When people talk about the consequences of debt collection scams, they often focus on how inappropriate collection activity affects individual consumers. However, debt collector misconduct and fraudulent debt collection organizations can negatively impact businesses that need debt collection assistance as well.
A variety of different types of companies may need to engage in debt collection activities to get consumers to pay what they owe. Many of them outsource this operational responsibility to third-party service providers. Some of those companies may not fulfill their contractual obligations or may engage in misconduct that could harm the client organization that hires them.
How do debt collection scams affect businesses?
One of the most problematic debt collection scams from a business perspective involves a collection agency that doesn’t actively work on a debt. It is a common arrangement for debt collectors to purchase the debt from the original creditor. The company then has a profit incentive to actively collect on the debt if possible.
However, some debt collectors negotiate regular payments for debt collection services. Businesses may not receive the services that they outsource. Debt collectors may fail to reach out to debtors or to engage in skip tracing to track them down. The original creditor may lose money because of the unpaid debt and also the paid services that the debt collector does not actually provide.
Another example of a debt collection scam could involve a collection company reselling the debt. A debtor could end up receiving collection calls from multiple companies that believe that they own the same debt.
In some cases, debt collection companies retain information about older or paid accounts and then attempt to collect on those so-called zombie debts. Those practices can damage the reputation of the original creditor if the consumer takes legal action or reports what they have experienced on social media.

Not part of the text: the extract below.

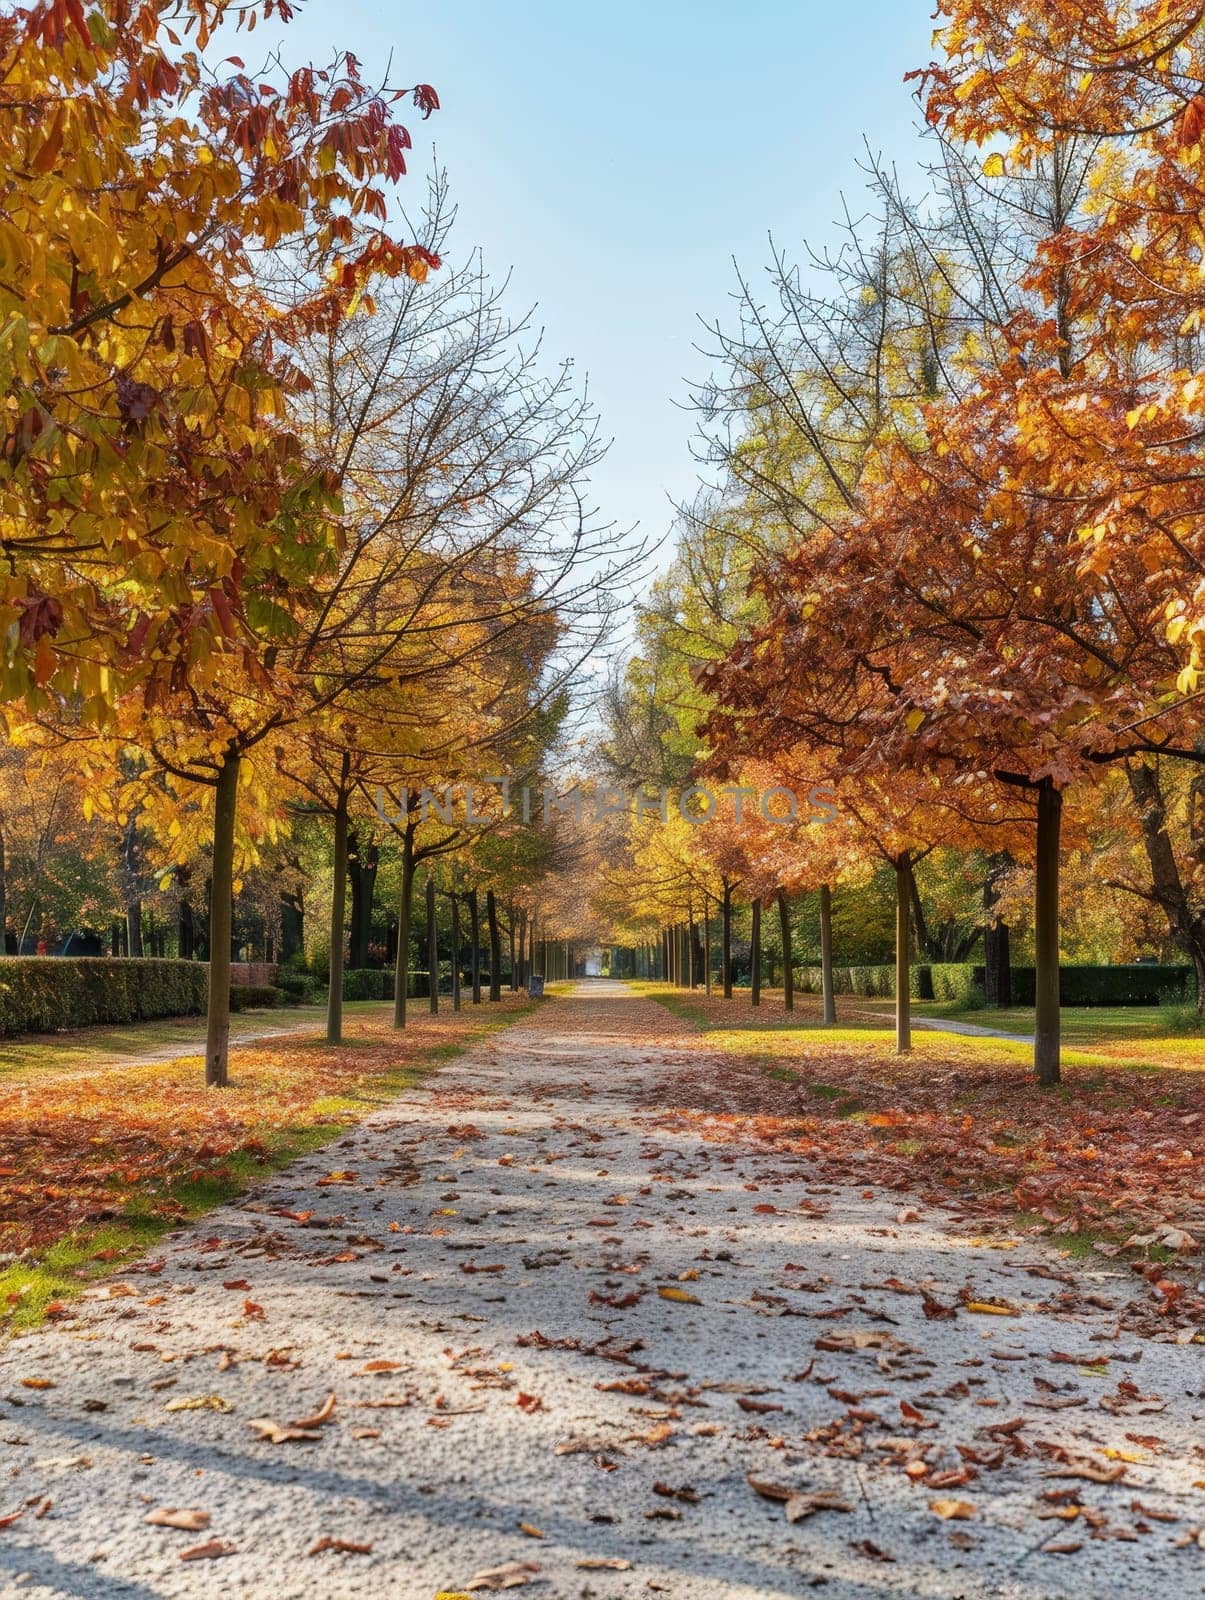 A tranquil park path is flanked by trees with autumnal foliage, their leaves forming a colorful carpet along the serene walkway.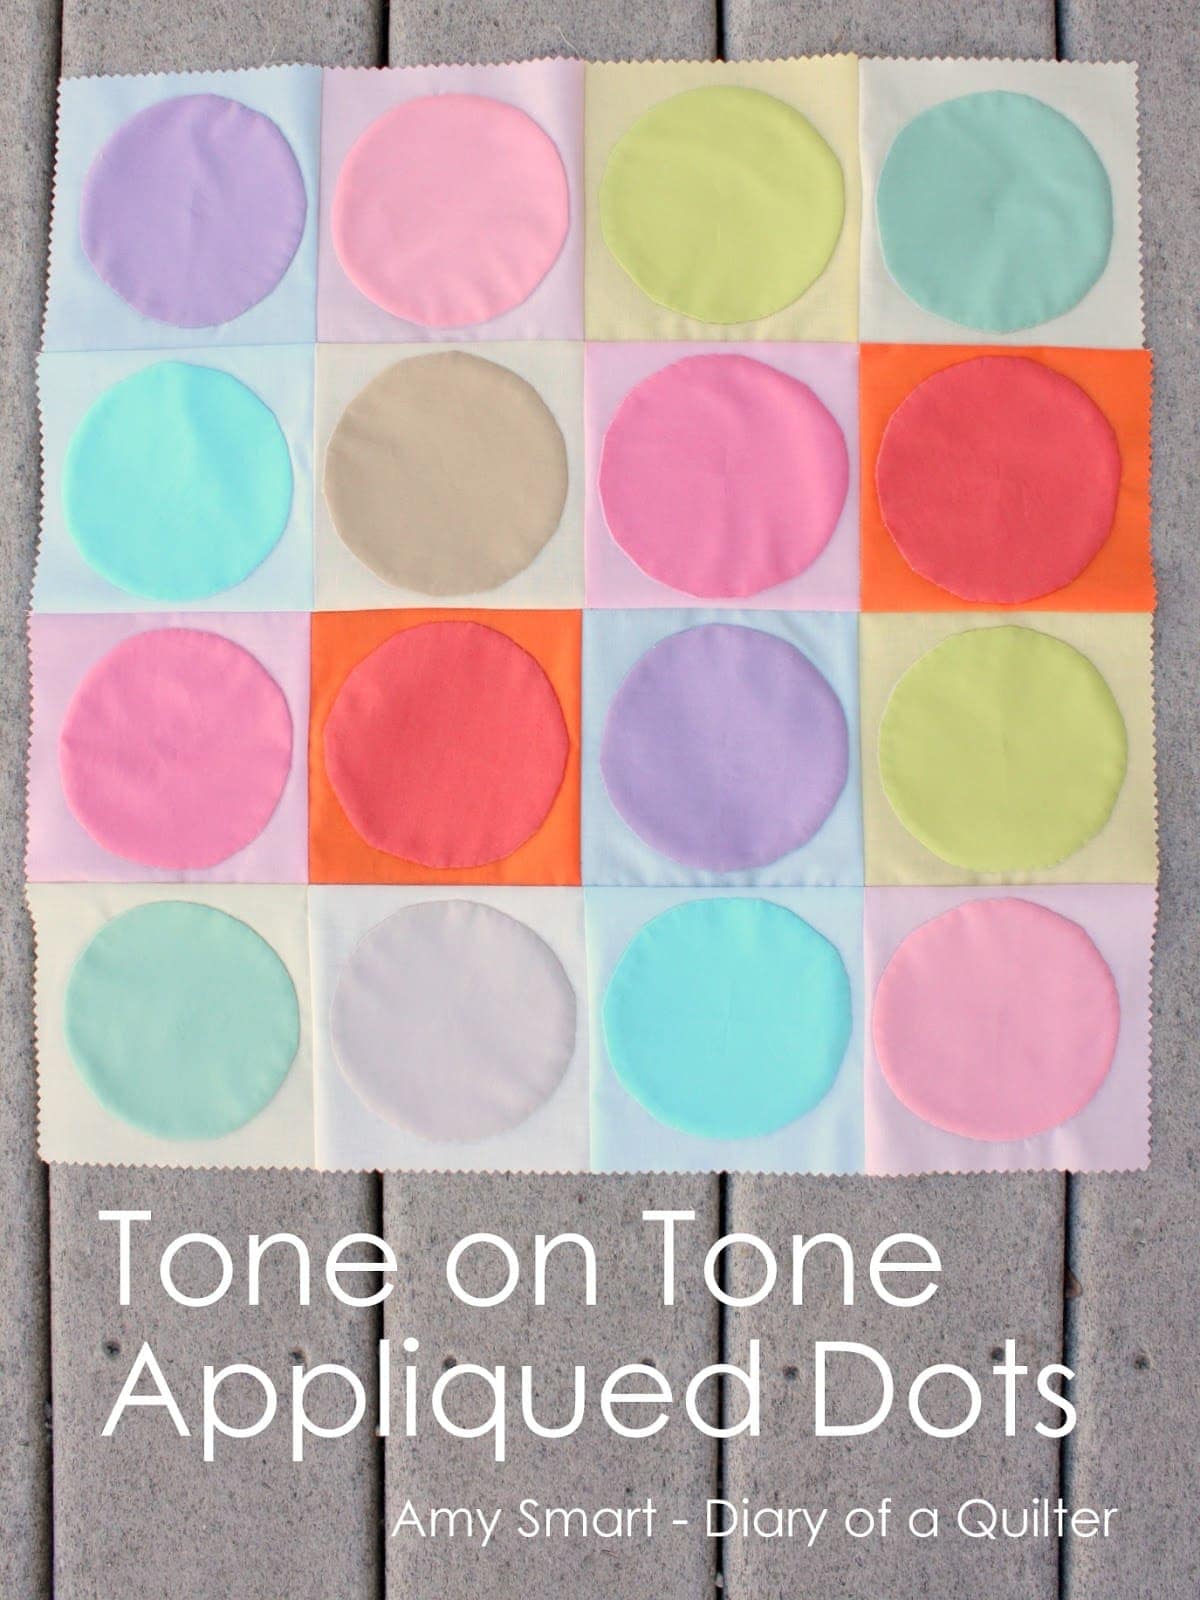 Tone on Tone Applique Dots by Diary of a Quilter

How can companies avoid scams?
The simplest way to avoid a debt collection scam is to work with reputable service providers or have assistance when selecting service providers. Attorneys who are familiar with California state and federal debt collection rules can help creditors identify potential scams and hold service providers accountable if they do not perform the collection activities that they were hired to provide.
Companies that occasionally need to collect on consumer debt may benefit from having the guidance of an attorney who can assist them with more aggressive collection efforts, including lawsuits to pursue wage garnishment or to place liens against valuable property. Executives and business owners who understand how debt collection scams could hurt their organizations may be more proactive about protecting their companies.